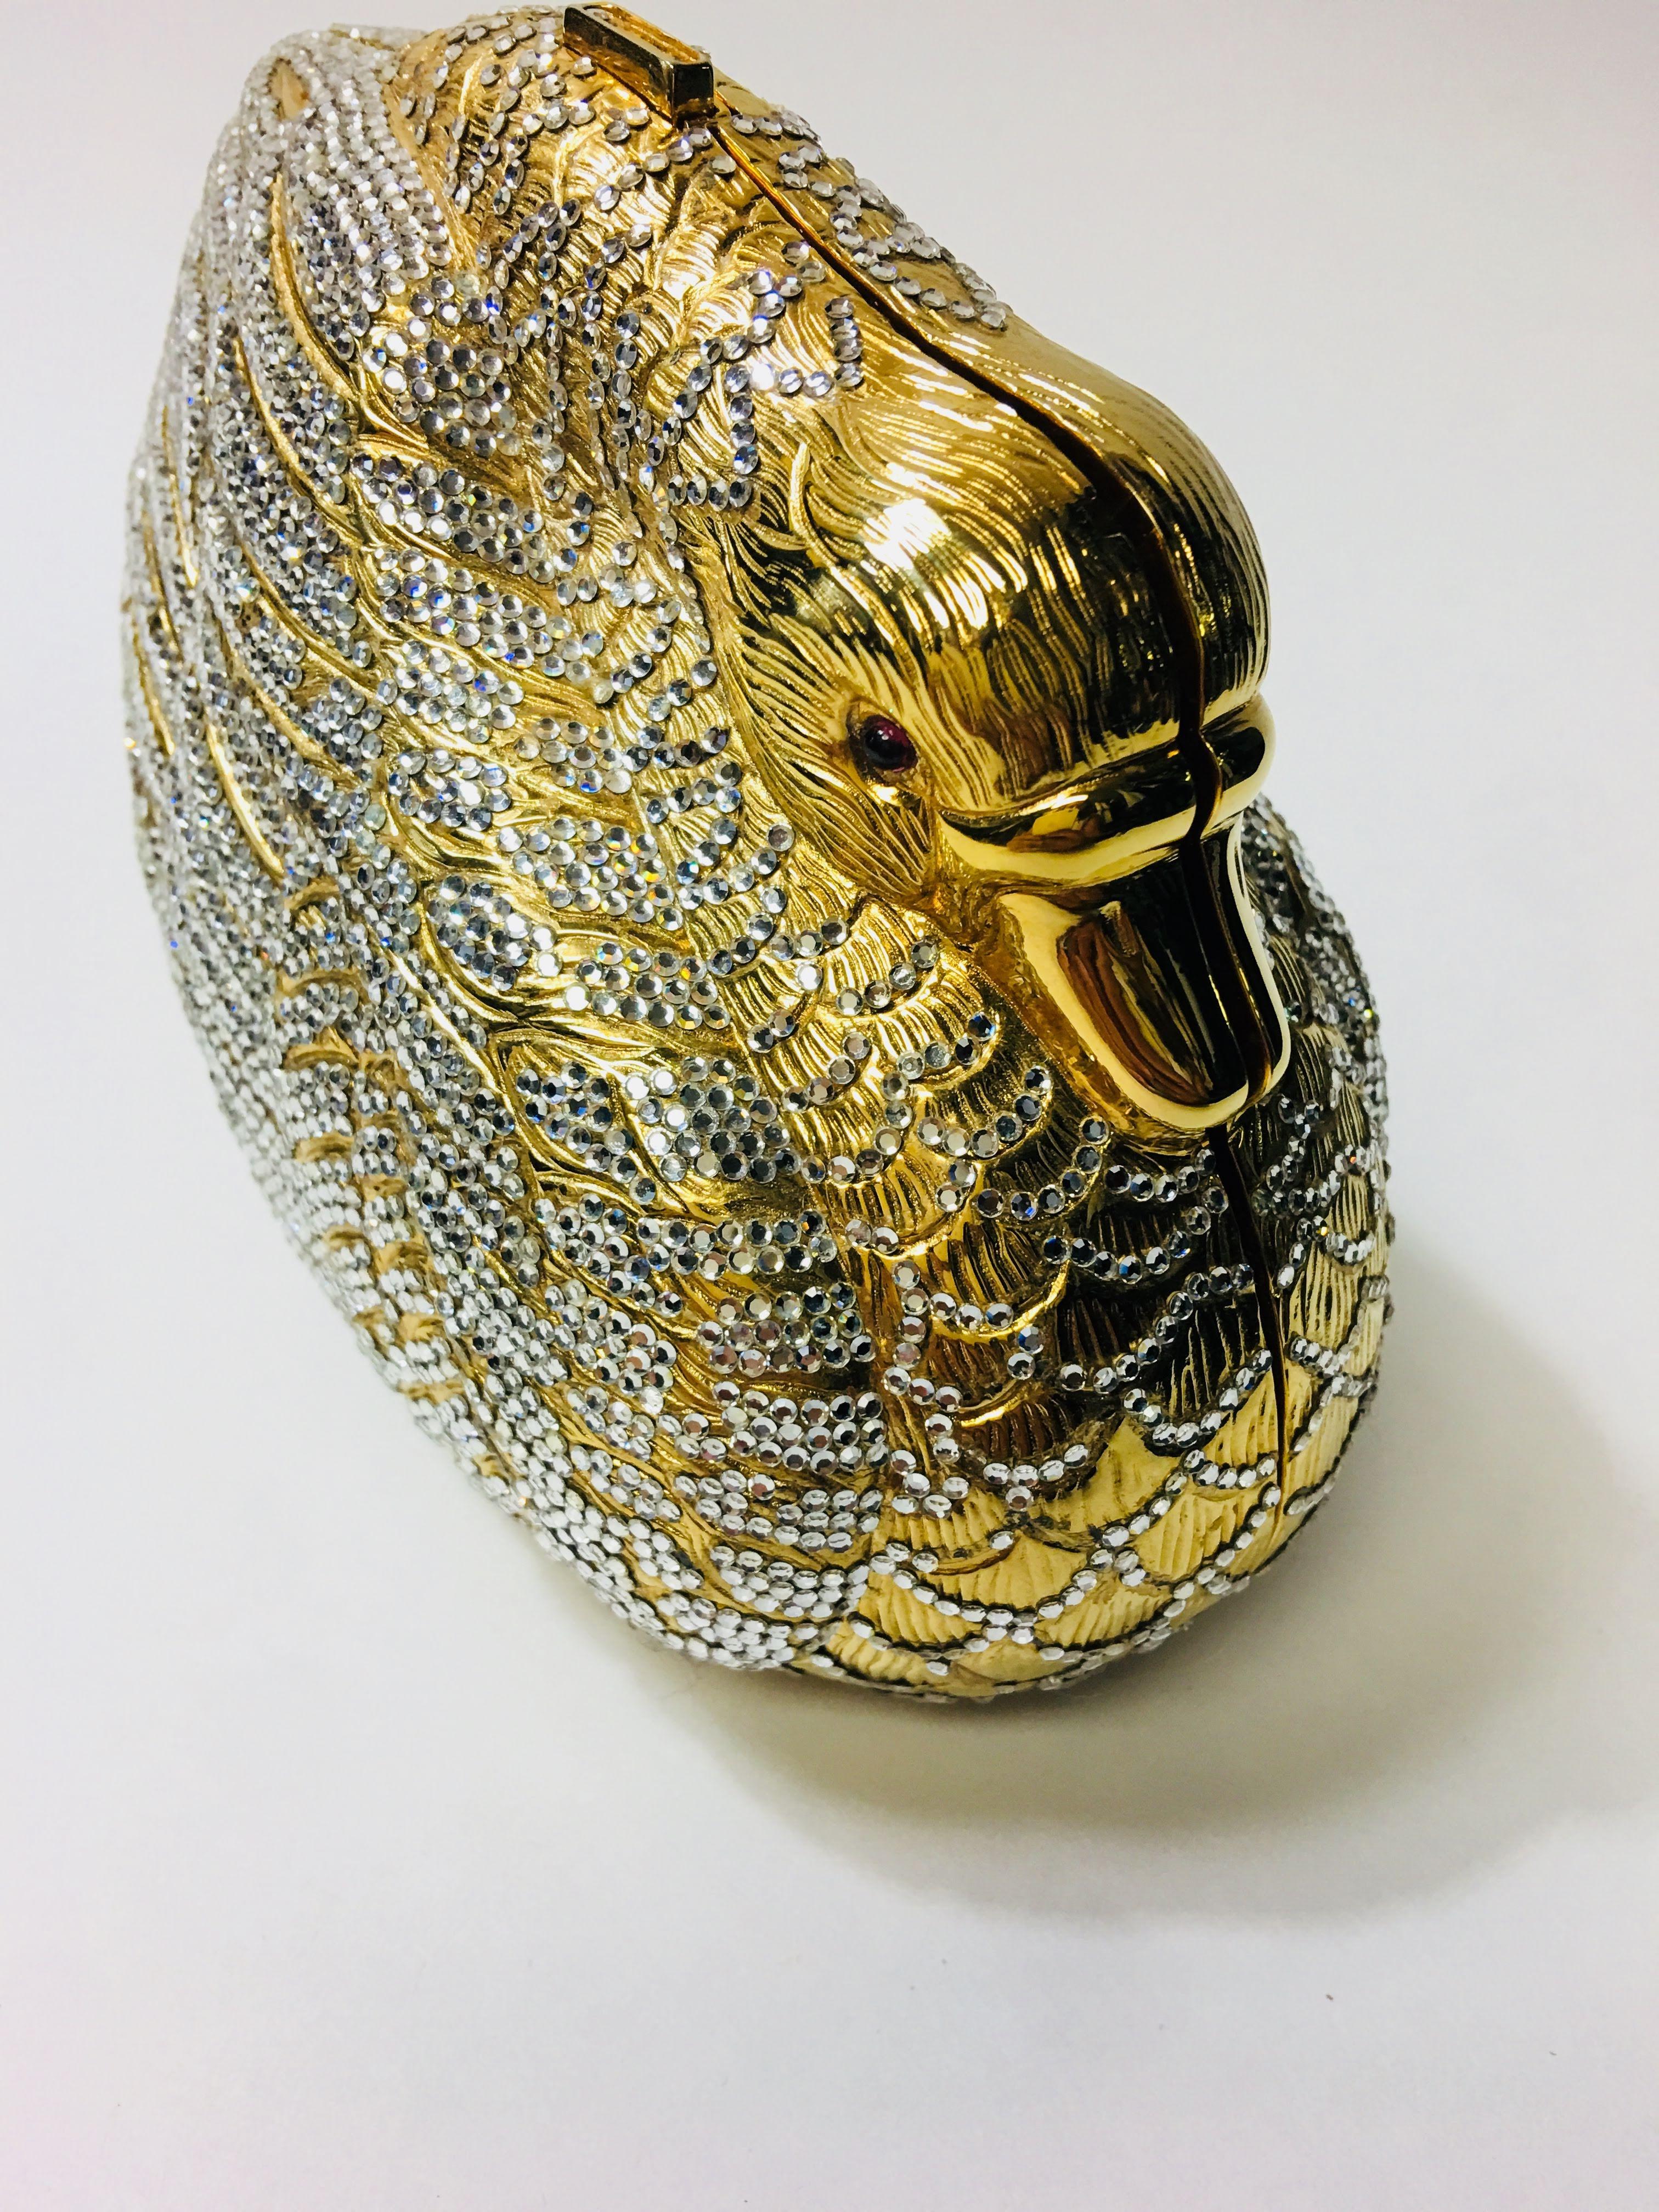 Judith Leiber Embellished Gold Swan Clutch with Gold Chain Shoulder Strap.
Original Packaging. 
Measures 6
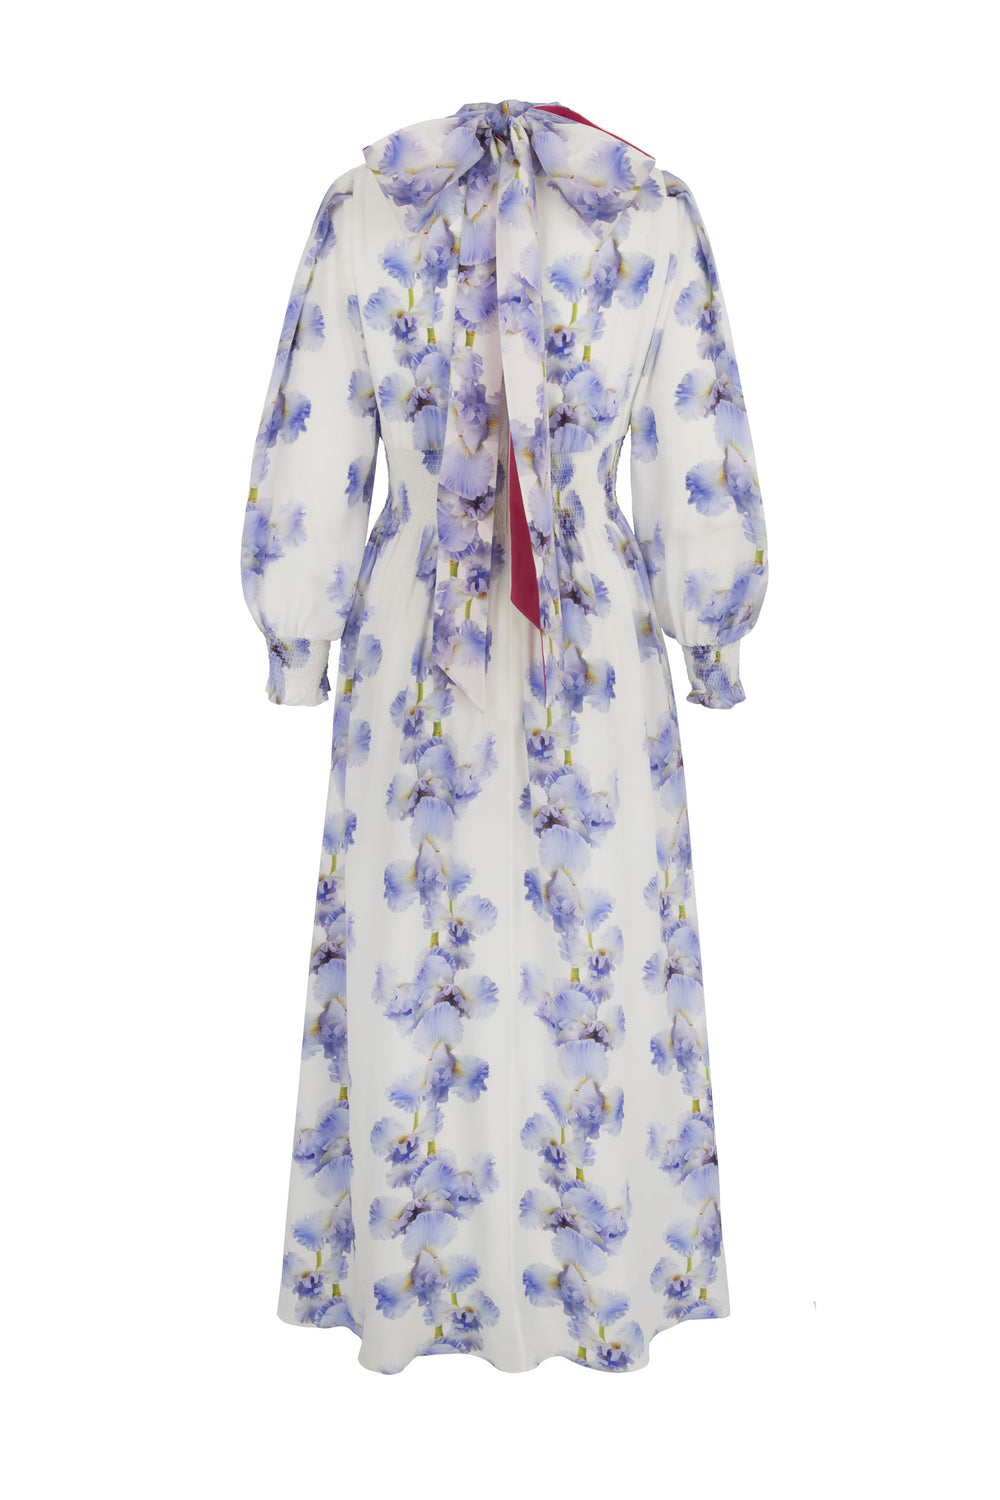 Suzannah London | Kumiko dress | Iris print
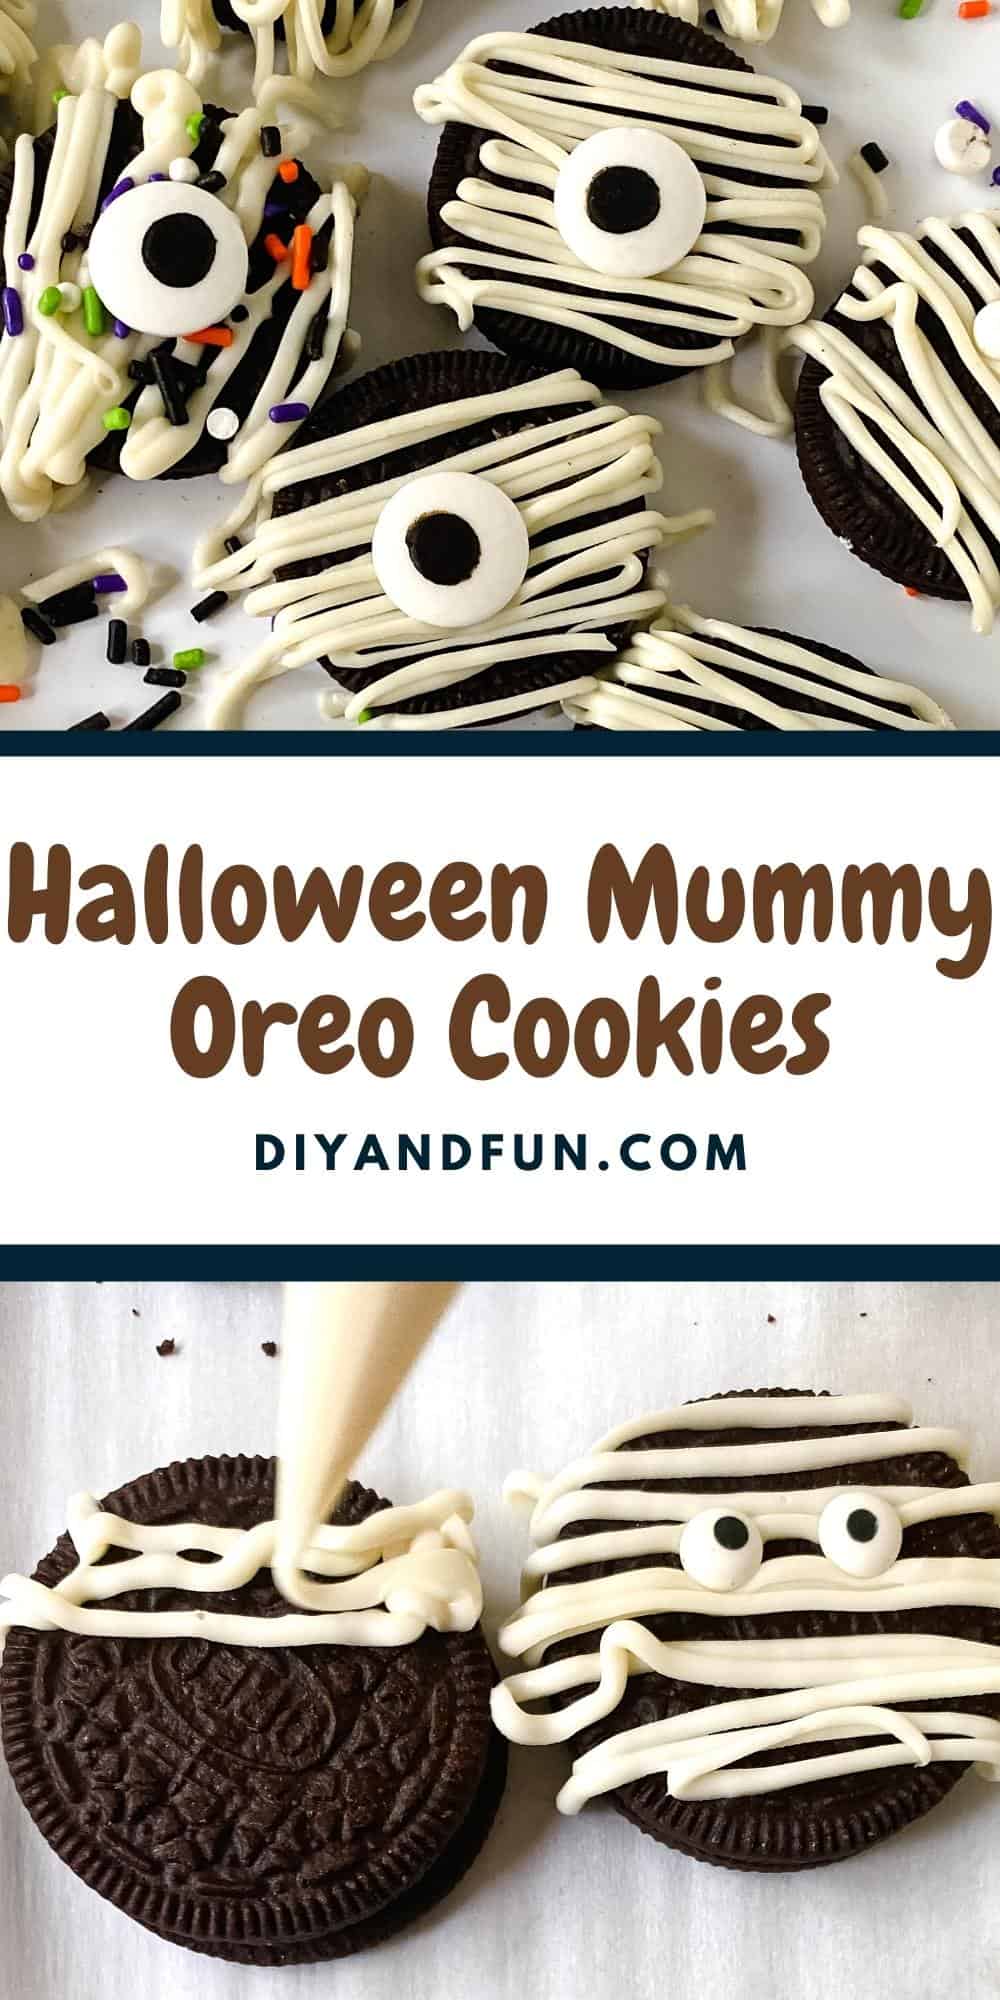 How to make Mummy Oreo Cookies

==========

TASK TO CARRY OUT:
Restate the records above verbatim. Pictures stay out.

ANSWER TO THIS TASK:
 Judith Leiber Embellished Gold Swan Clutch with Gold Chain Shoulder Strap.
Original Packaging. 
Measures 6
 Suzannah London | Kumiko dress | Iris print
 How to make Mummy Oreo Cookies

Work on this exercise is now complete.